妊娠16週から27週の妊娠中期あたりに、「ズキズキ」「チクチク」「ギュー」といった、おなかが痛むという方もいます。痛みの頻度が多かったり、強かったりすると「赤ちゃんは大丈夫かな……」と心配になるものだと思います。

ここでは、妊娠中期の腹痛で不安な方に向けて、腹痛のときに役立つ知識や、原因や医師を受診するまでの対処法、注意が必要な腹痛などを紹介します。気になることがあれば、かかりつけ医に相談することを念頭に予備知識として参考にしてください。

妊娠中期の腹痛が起こったときの行動

妊娠中期に腹痛が起こったときは、まずは冷静になることが大切です。万が一のときに備え、以下を頭に入れておきましょう。

  • 痛みや張りを感じたら横になるか、または座り、安静にする
  • 痛みが持続する場合は病院に相談

病院に行くまでの時間を要する場合は、痛みの性質や状態(例:生理痛に似ているなど)、痛む場所、強さ、持続時間、他の症状の有無などを記録しましょう。

安静にしても痛みが治まらない場合や不安がある場合は、早急にかかりつけの病院に連絡し、腹痛の状況を詳しく伝えてください。痛みが強い場合、不安がある場合、出血など他の症状が伴う場合は、早めにかかりつけ医に相談することが大切です。

妊娠中期の腹痛の原因

では、どのようなことが原因で妊娠中期の腹痛は起こるのでしょうか。

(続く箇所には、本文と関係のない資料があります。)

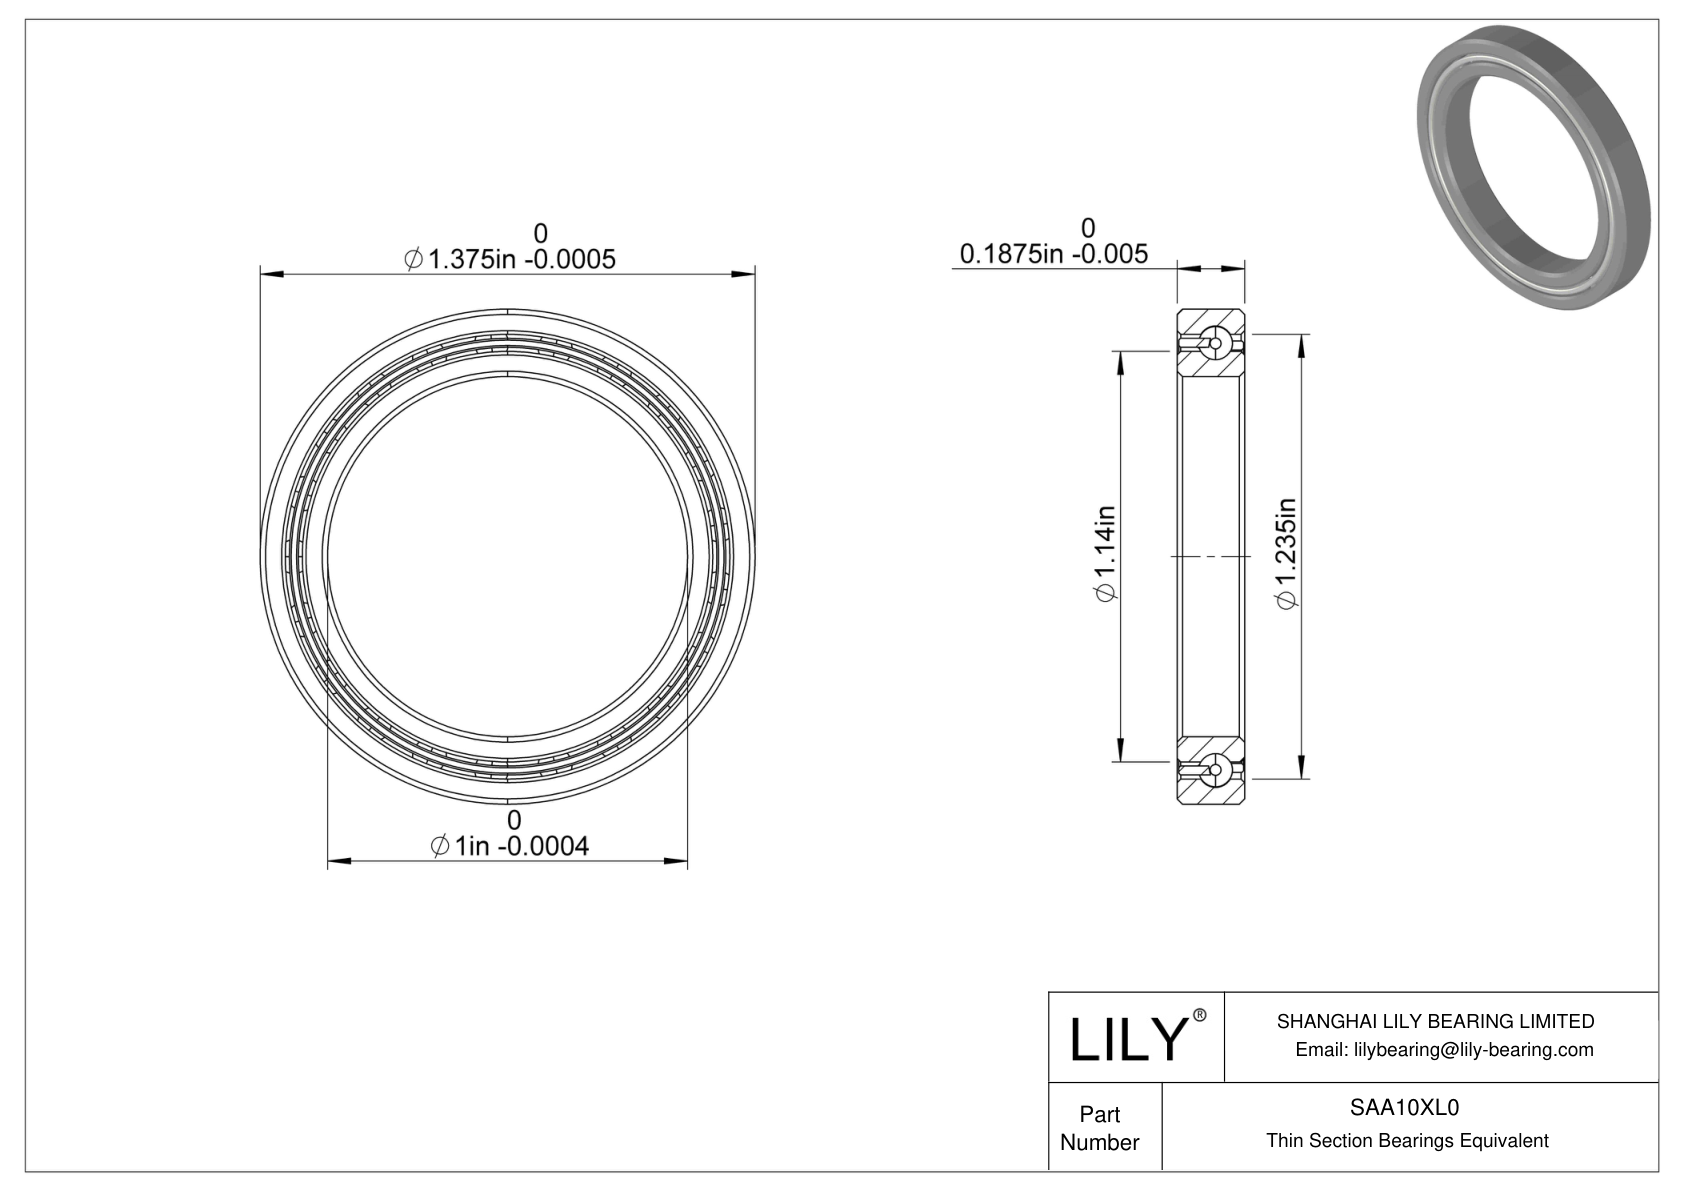 SAA10XL0 Constant Section (CS) Bearings cad drawing
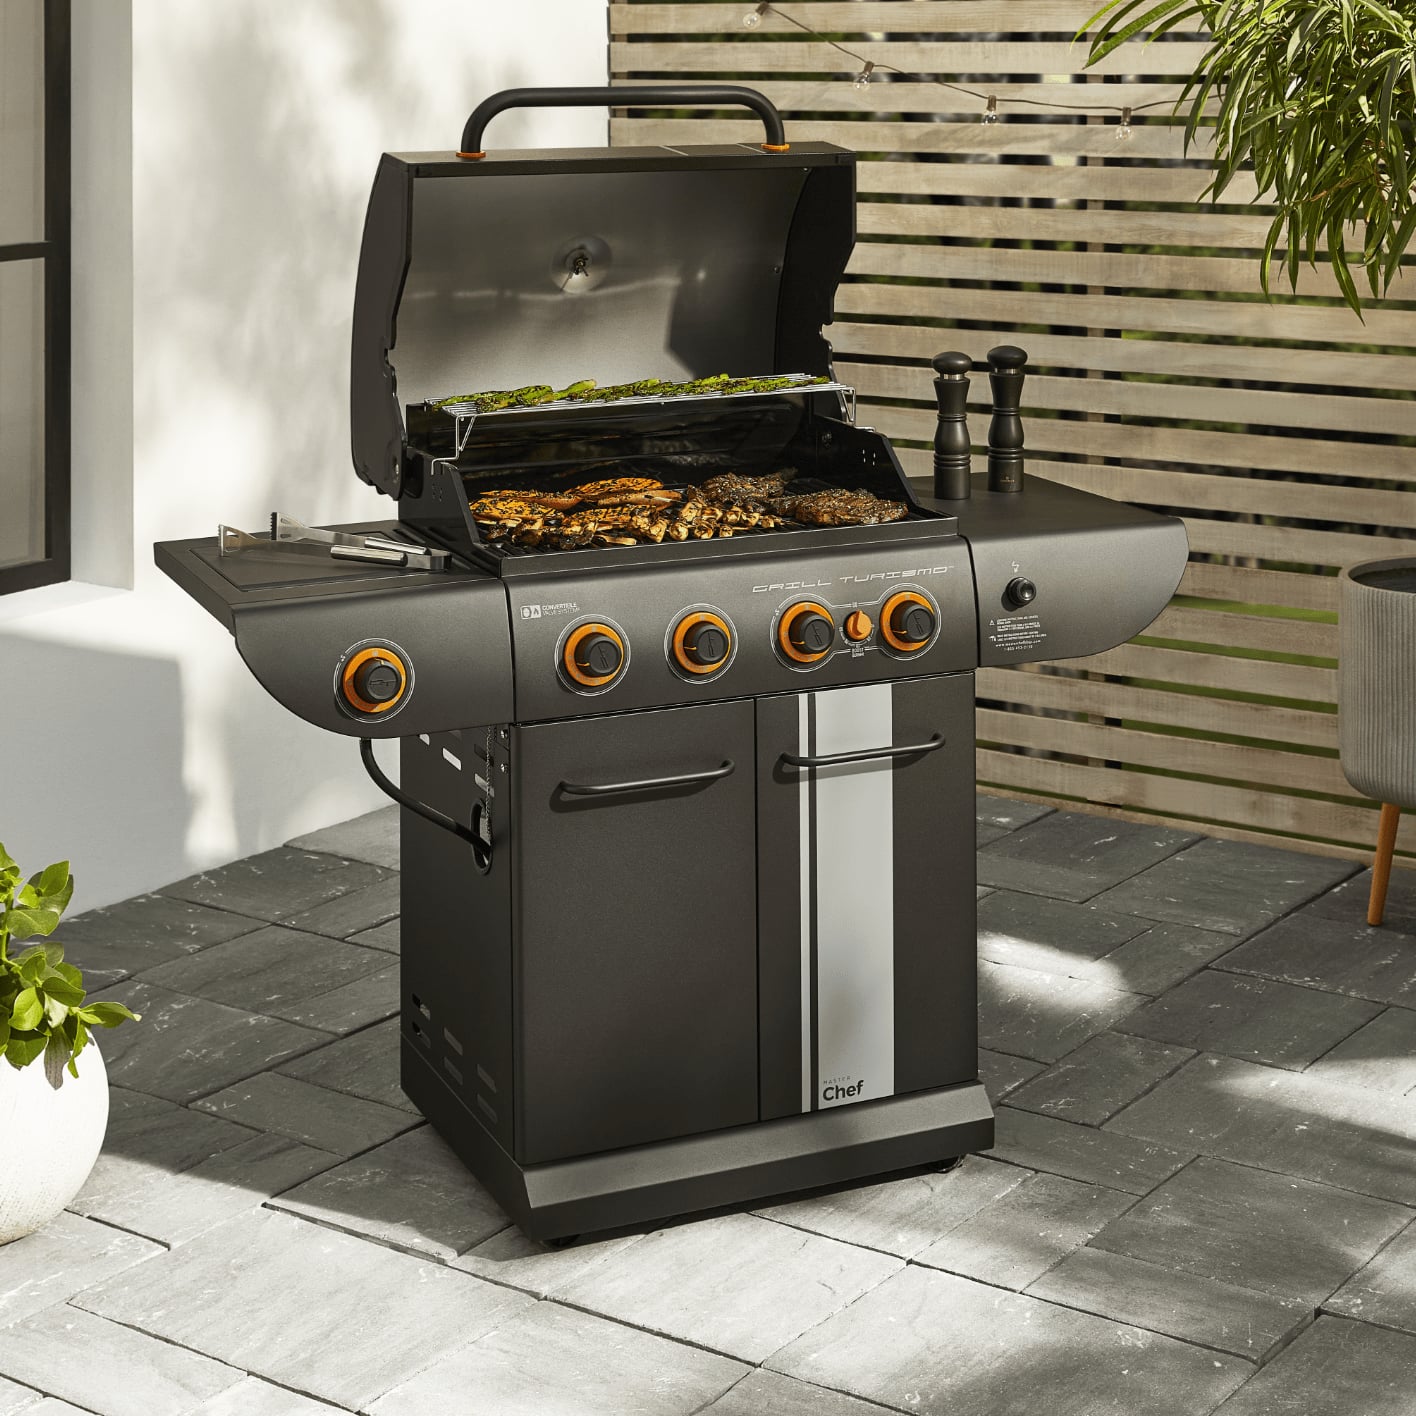 Food grilling on a MASTER Chef Turismo Convertible Propane BBQ on a patio.

原因はさまざまですので、医師の診断があるまでは、「これが原因」と特定をすることはできませんが、ここでは、妊娠中期における腹痛の原因の中から、2つをピックアップして説明します。

子宮が大きくなる

妊娠中期に腹痛を感じる原因として、子宮が大きくなることが挙げられます。赤ちゃんが成長するにつれて、子宮も大きく伸びていきます。その結果、周囲の組織や靭帯(じんたい)などに圧力がかかり、腹部全体が引き伸ばされることになります。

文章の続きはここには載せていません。